Stored data entries:
= Beginning of Section =

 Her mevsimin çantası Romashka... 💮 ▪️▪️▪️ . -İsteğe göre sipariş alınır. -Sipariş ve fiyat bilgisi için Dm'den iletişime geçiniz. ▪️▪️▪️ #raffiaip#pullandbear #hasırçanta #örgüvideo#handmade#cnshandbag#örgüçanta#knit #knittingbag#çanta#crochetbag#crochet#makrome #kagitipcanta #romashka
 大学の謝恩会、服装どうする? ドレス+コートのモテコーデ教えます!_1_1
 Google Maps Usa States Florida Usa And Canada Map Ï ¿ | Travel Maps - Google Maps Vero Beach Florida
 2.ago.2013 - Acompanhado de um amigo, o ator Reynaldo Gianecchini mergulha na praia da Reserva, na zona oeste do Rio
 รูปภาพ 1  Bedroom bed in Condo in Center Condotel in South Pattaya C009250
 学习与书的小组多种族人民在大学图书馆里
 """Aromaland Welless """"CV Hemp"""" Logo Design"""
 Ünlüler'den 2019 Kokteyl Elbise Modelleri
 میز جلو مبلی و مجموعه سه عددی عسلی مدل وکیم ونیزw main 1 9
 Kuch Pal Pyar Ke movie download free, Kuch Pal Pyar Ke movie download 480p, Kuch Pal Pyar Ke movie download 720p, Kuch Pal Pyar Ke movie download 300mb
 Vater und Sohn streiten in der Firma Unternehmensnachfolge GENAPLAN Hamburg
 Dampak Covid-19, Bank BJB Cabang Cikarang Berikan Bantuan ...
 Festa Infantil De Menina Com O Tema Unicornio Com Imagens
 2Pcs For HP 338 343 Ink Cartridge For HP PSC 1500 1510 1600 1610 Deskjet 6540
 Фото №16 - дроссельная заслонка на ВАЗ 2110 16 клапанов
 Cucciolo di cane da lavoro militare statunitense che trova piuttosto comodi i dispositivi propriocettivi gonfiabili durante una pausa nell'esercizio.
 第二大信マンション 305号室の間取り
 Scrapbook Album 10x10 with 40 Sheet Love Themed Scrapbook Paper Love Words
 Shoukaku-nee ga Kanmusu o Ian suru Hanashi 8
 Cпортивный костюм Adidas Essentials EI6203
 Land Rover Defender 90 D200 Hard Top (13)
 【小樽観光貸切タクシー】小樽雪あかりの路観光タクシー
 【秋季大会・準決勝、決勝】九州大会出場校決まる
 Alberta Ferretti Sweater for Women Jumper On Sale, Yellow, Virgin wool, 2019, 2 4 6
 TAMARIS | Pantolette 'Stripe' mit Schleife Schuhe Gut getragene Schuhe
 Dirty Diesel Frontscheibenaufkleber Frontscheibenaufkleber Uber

= End of Section =

* **Task details**:
The line with "Фото №16 - дроссельная", the last line of the data above, and every line between them should be duplicated exactly, with nothing else.

* **Completed exercise**:
 Фото №16 - дроссельная заслонка на ВАЗ 2110 16 клапанов
 Cucciolo di cane da lavoro militare statunitense che trova piuttosto comodi i dispositivi propriocettivi gonfiabili durante una pausa nell'esercizio.
 第二大信マンション 305号室の間取り
 Scrapbook Album 10x10 with 40 Sheet Love Themed Scrapbook Paper Love Words
 Shoukaku-nee ga Kanmusu o Ian suru Hanashi 8
 Cпортивный костюм Adidas Essentials EI6203
 Land Rover Defender 90 D200 Hard Top (13)
 【小樽観光貸切タクシー】小樽雪あかりの路観光タクシー
 【秋季大会・準決勝、決勝】九州大会出場校決まる
 Alberta Ferretti Sweater for Women Jumper On Sale, Yellow, Virgin wool, 2019, 2 4 6
 TAMARIS | Pantolette 'Stripe' mit Schleife Schuhe Gut getragene Schuhe
 Dirty Diesel Frontscheibenaufkleber Frontscheibenaufkleber Uber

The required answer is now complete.